Waymo uses a combination of lidar, radar and cameras to detect and identify objects. Fog, rain or dust can limit visibility in all or some of these sensors.
Waymo doesn’t silo the sensors affected by a particular weather event. Instead, it continues to take in data from all the sensors, even those that don’t function as well in fog or dust, and uses that collective information to better identify objects.
The potential is for autonomous vehicles to improve on visibility, one of the greatest performance limitations of humans, Debbie Hersman, Waymo’s chief safety officer wrote in the blog post. If Waymo or other AV companies are successful, they could help reduce one of the leading contributors to crashes. The Department of Transportation estimates that weather contributes to 21% of the annual U.S. crashes.
Still, there are times when even an autonomous vehicle doesn’t belong on the road. It’s critical for any company planning to deploy AVs to have a system that can not only identify, but also take the safest action if conditions worsen.
Waymo vehicles are designed to automatically detect sudden extreme weather changes, such as a snowstorm, that could impact the ability of a human or an AV to drive safely, according to Hersman.
The question is what happens next. Humans are supposed to pull over off the road during a haboob and turn off the vehicle, a similar action when one encounters heavy fog. Waymo’s self-driving vehicles will do the same if weather conditions deteriorate to the point that the company believes it would affect the safe operation of its cars, Hersman wrote.
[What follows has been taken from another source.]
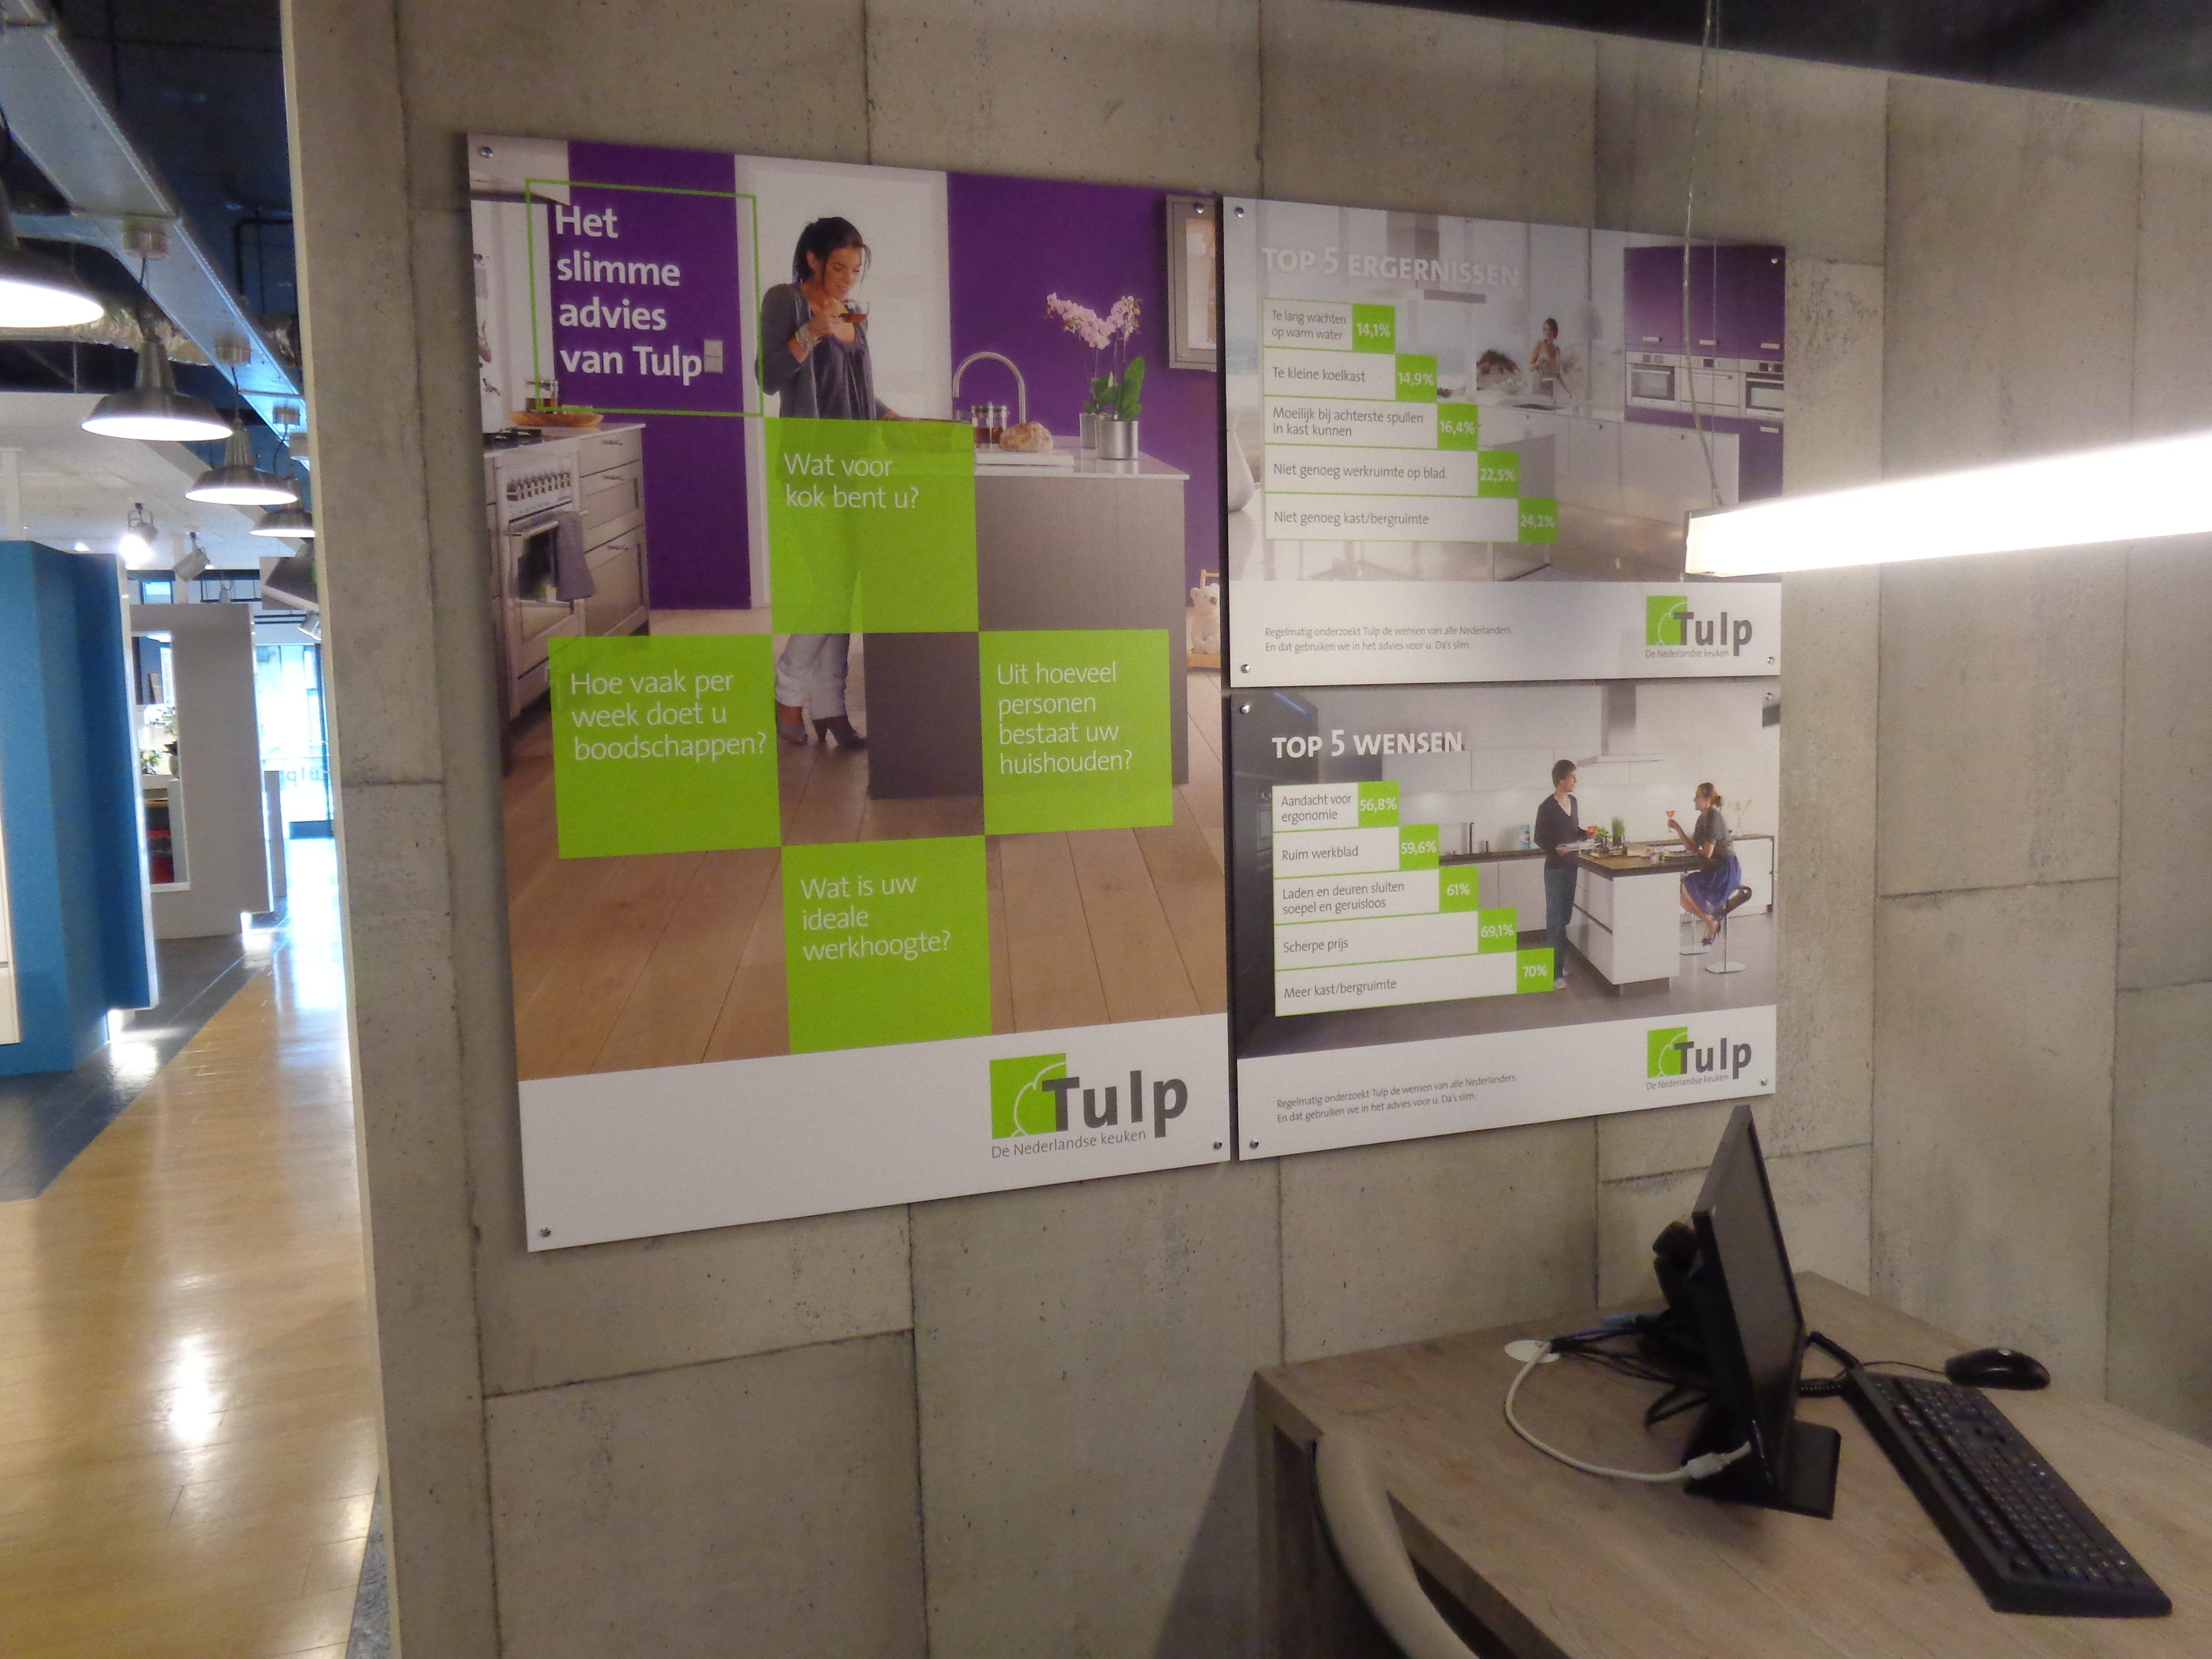 Tulp Keukens Rijssen : Lovely tulp keukens breda keukens apparatuur
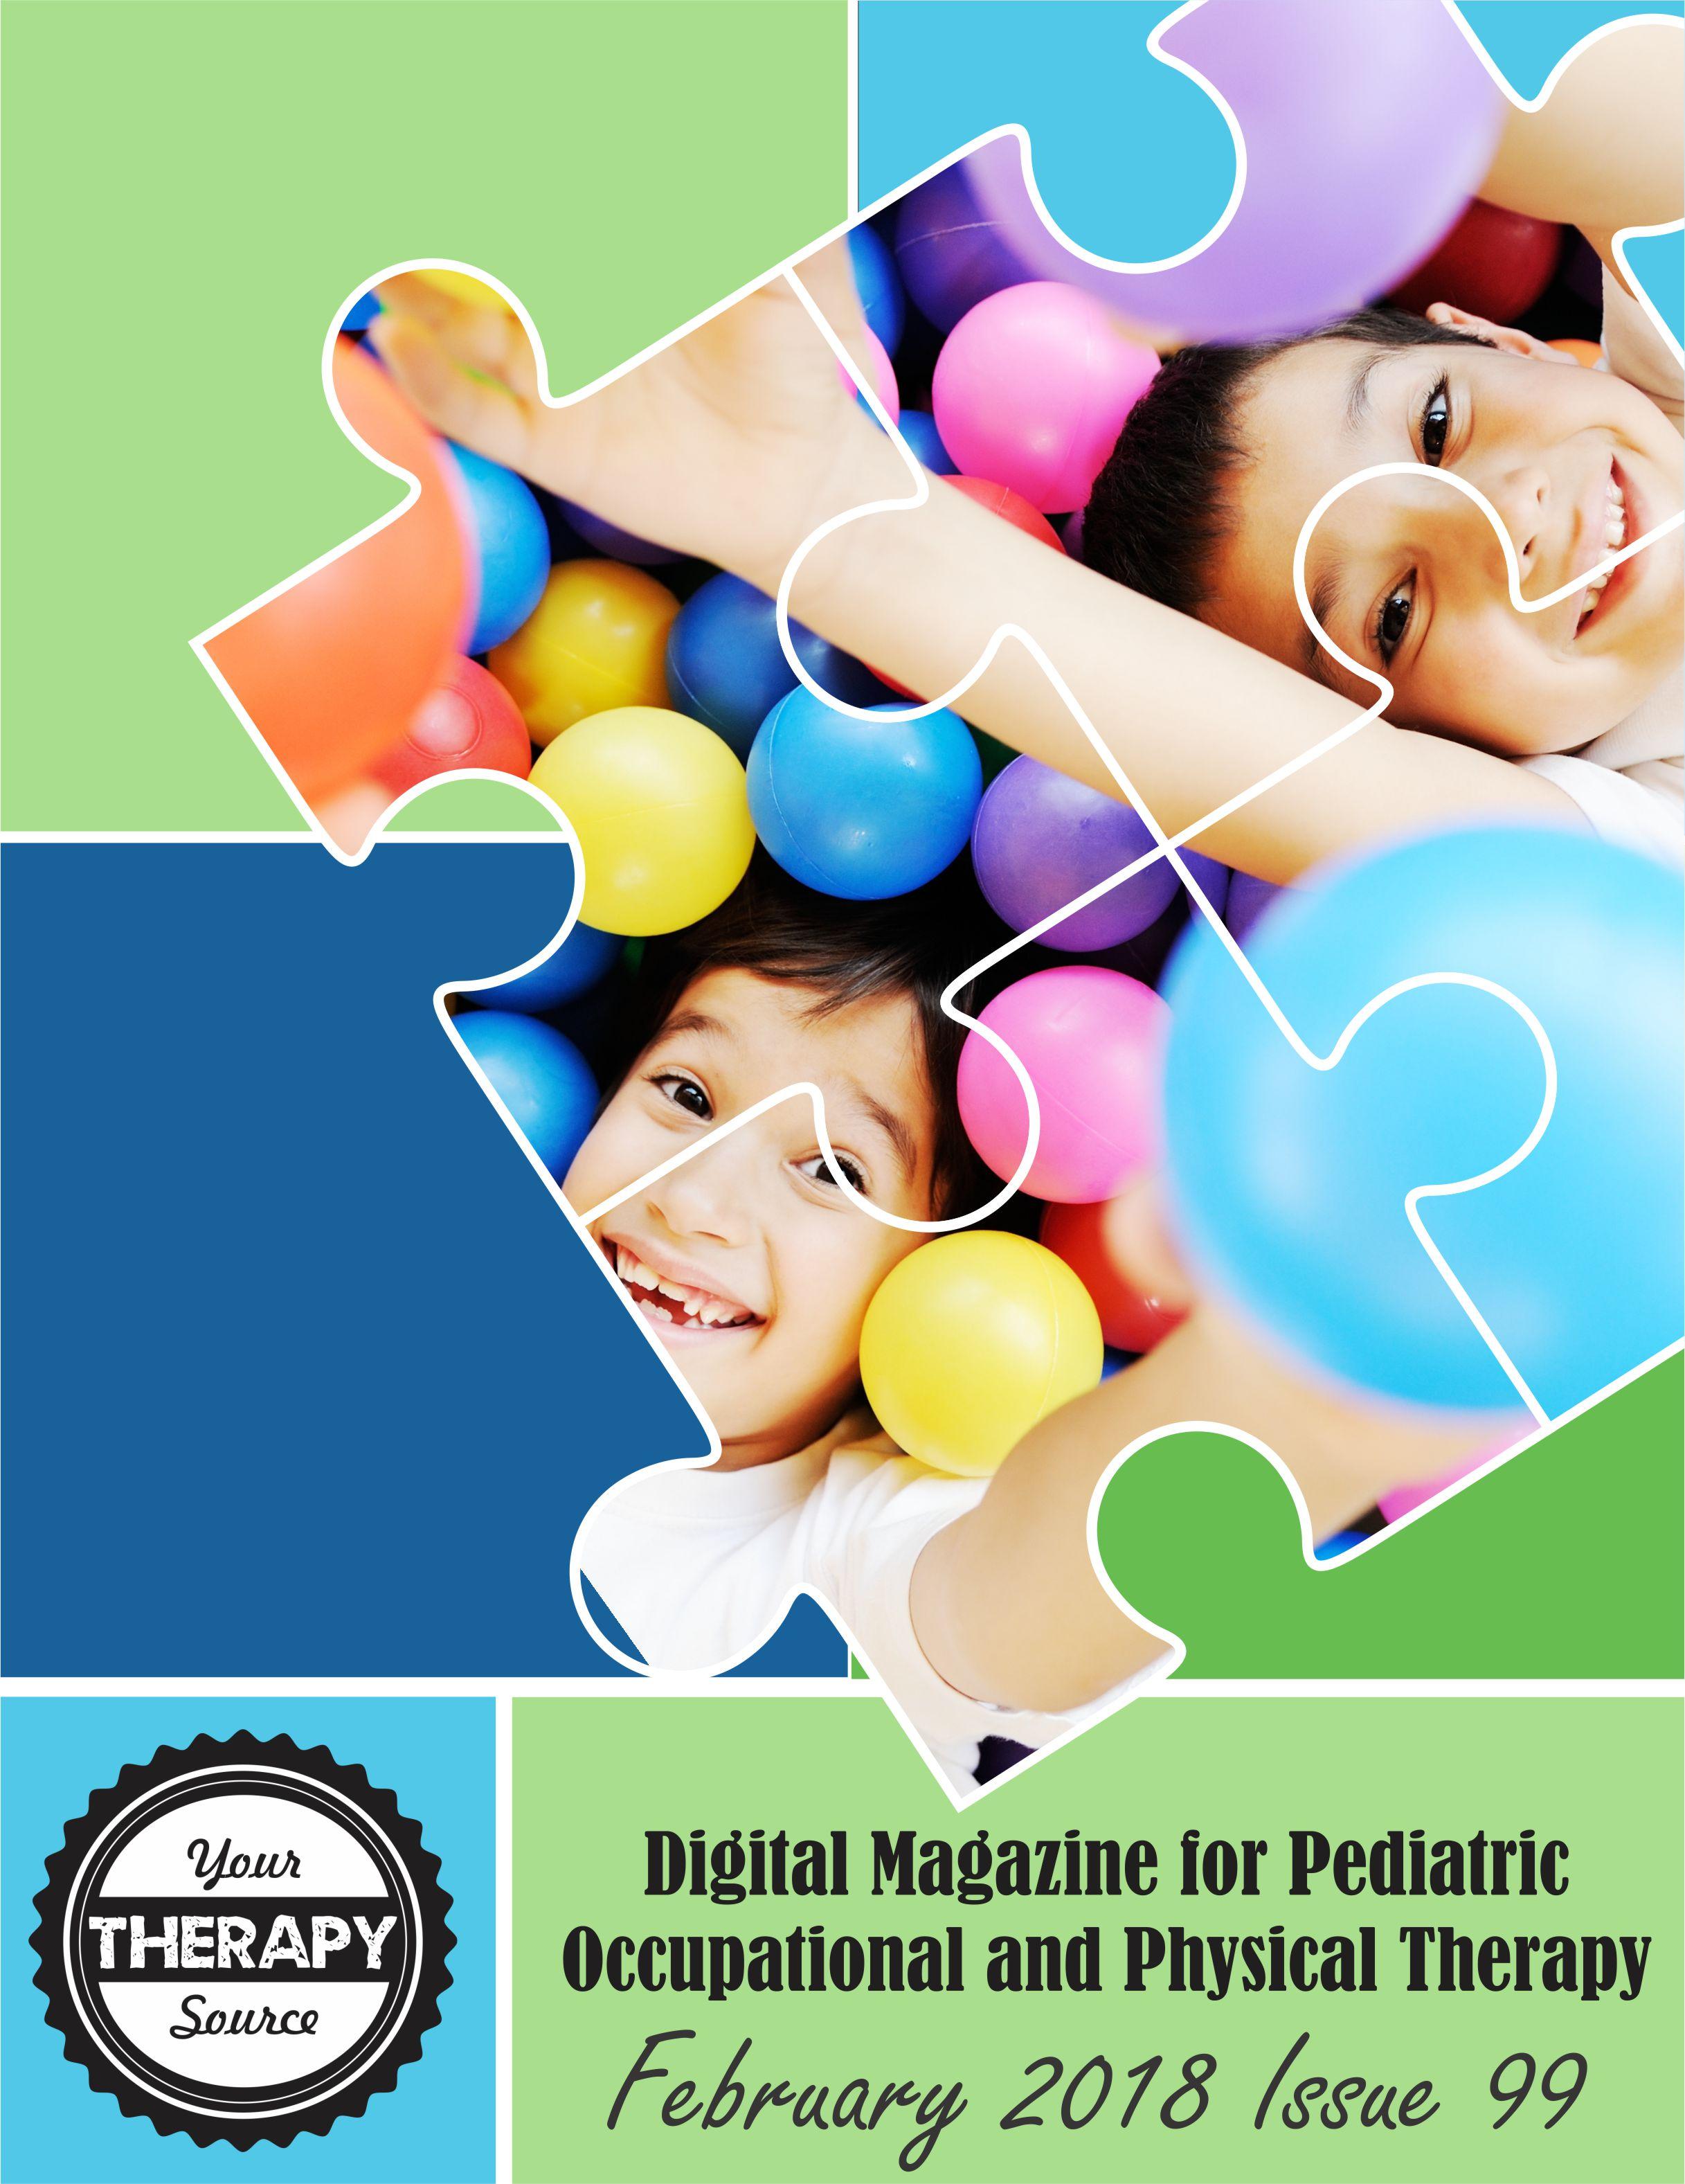 February Digital Magazine for Pediatric OTs and PTs

The videos and blog post are the latest effort by Waymo to showcase how and where it’s testing. The company announced August 20 that it has started testing how its sensors handle heavy rain in Florida. The move to Florida will focus on data collection and testing sensors; the vehicles will be manually driven for now.
Waymo also tests (or has tested) its technology in and around Mountain View, Calif., Novi, Mich., Kirkland, Wash. and San Francisco. The bulk of the company’s activities have been in suburbs of Phoenix and around Mountain View.